In the fabrication process of a semiconductor device, in order to reduce the surface area of the semiconductor device, the flip-chip bonded stacked chips technology is developed, which uses copper bumps or solder bumps as bonding points between the bonded chips for signal transmission. FIG. 1A is a schematic showing the cross-sectional view of a semiconductor chip with copper bumps in a prior art, which comprises a substrate 101, a metal layer 103, a metal bump 105, and an electronic device 113. The electronic device 113 is formed on the front side of the substrate 101. The metal layer 103 is formed on the front side of the substrate 101 and connected to the electronic device 113. The metal bump 105 is formed on the metal layer 103. FIG. 1B is a schematic showing the cross-sectional view of flip-chip bonded stacked chips with copper bumps in a prior art, which is similar to the structure shown in FIG. 1A, except that an upper chip 135 is stacked on the metal bumps 105. The metal bumps 105 are connected to the upper chip 135. The electric signal from the electronic device 113 on the substrate 101 can be transmitted through the metal bumps 105 to the upper chip 135. A module substrate 133 is disposed under the substrate 101, and at least one bonding wire 137 is disposed on the module substrate 133. The electric signal from the electronic device 113 can be further transmitted through the bonding wire 137 to the module substrate 133.
Although the abovementioned design can form flip-chip bonded stacked chips, the density of the integration of the devices are limited, and thus the reduction of the chip size is restricted.
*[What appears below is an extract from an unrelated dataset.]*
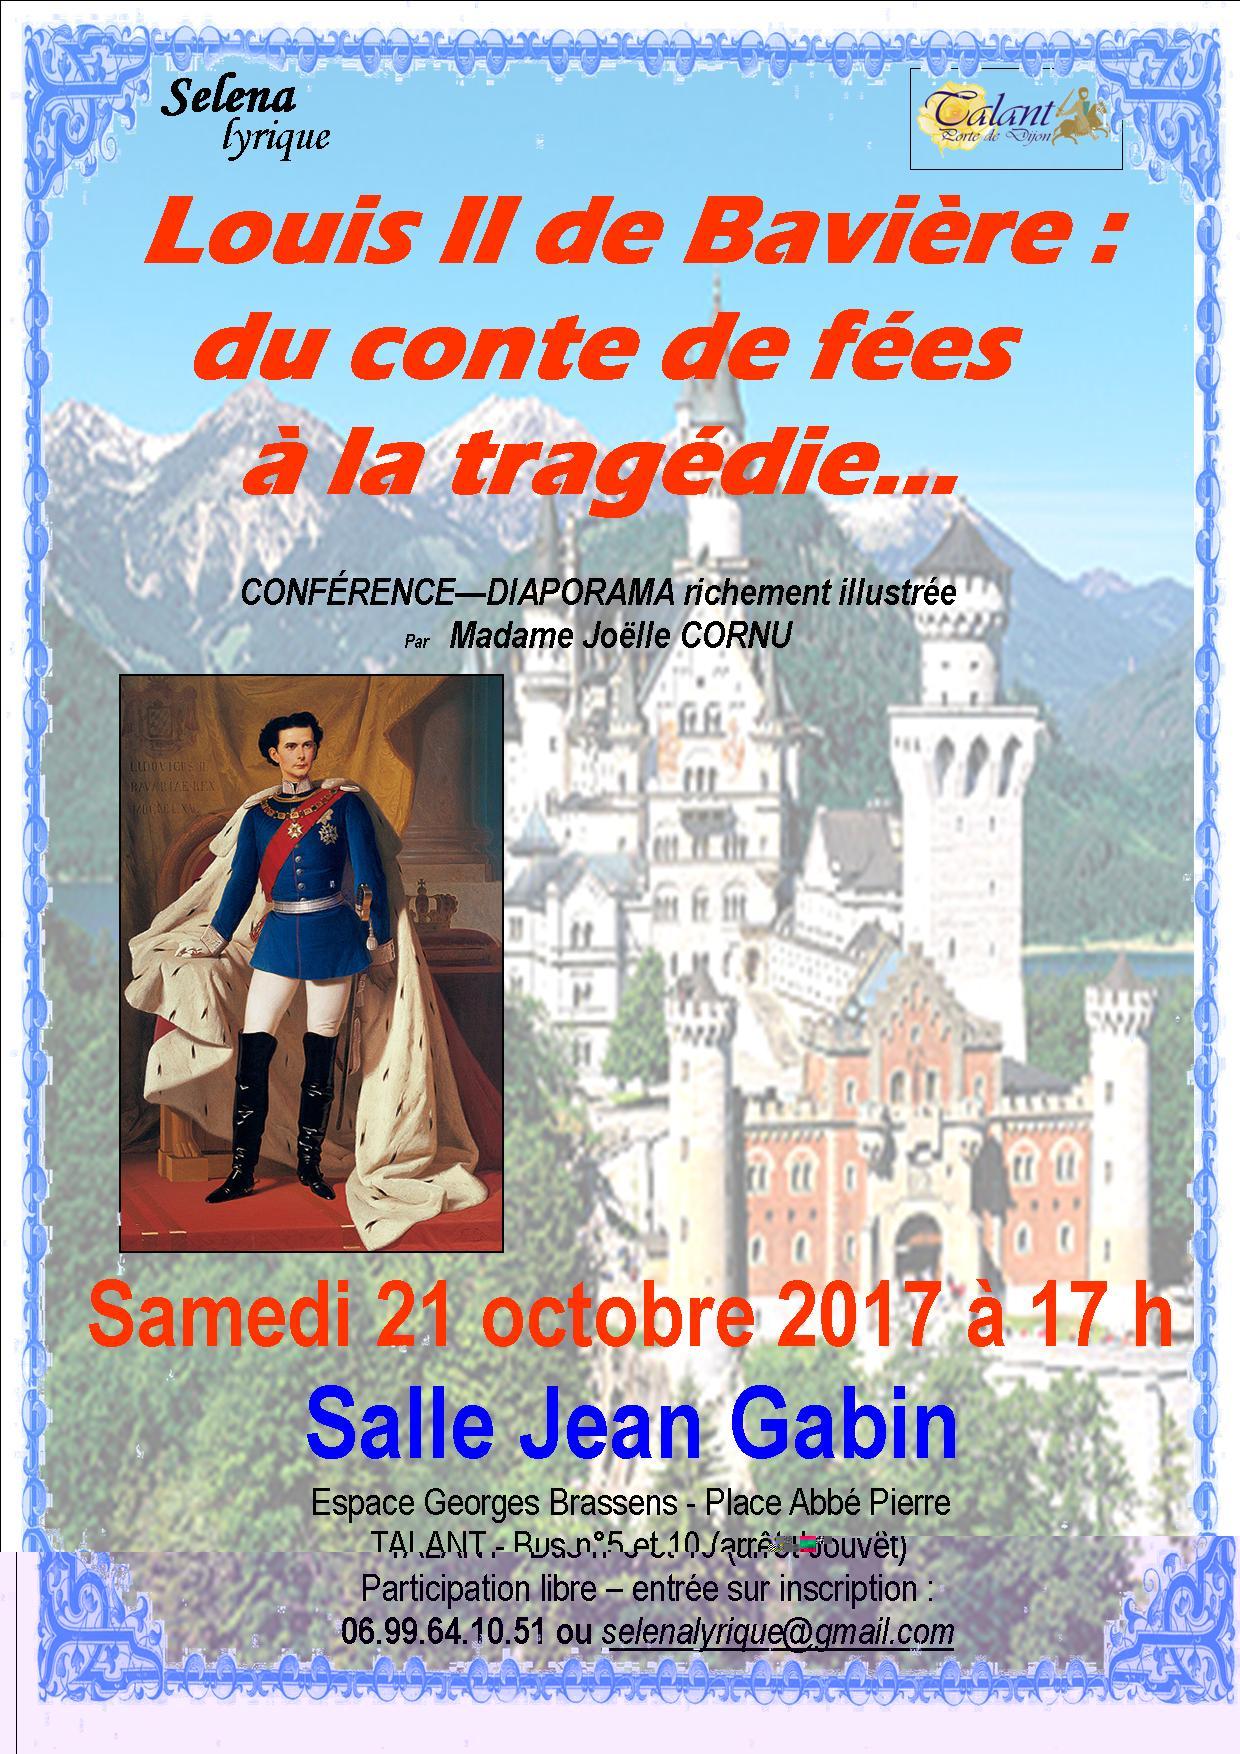 Louis II   aFFIC HETTE avec château  2 (1) (1) (1)

The signal transmission speed can not be significantly increased, and therefore the electric power consumption of the circuit remains high.
To solve the abovementioned problems, the present invention provide a structure of a semiconductor chip with substrate via holes and metal bumps and a fabrication method thereof to achieve heterogeneous integration, to improve the integration of the devices, to reduce the chip size, to increase the signal transmission speed, to lower the electric power consumption, and to reduce the material cost.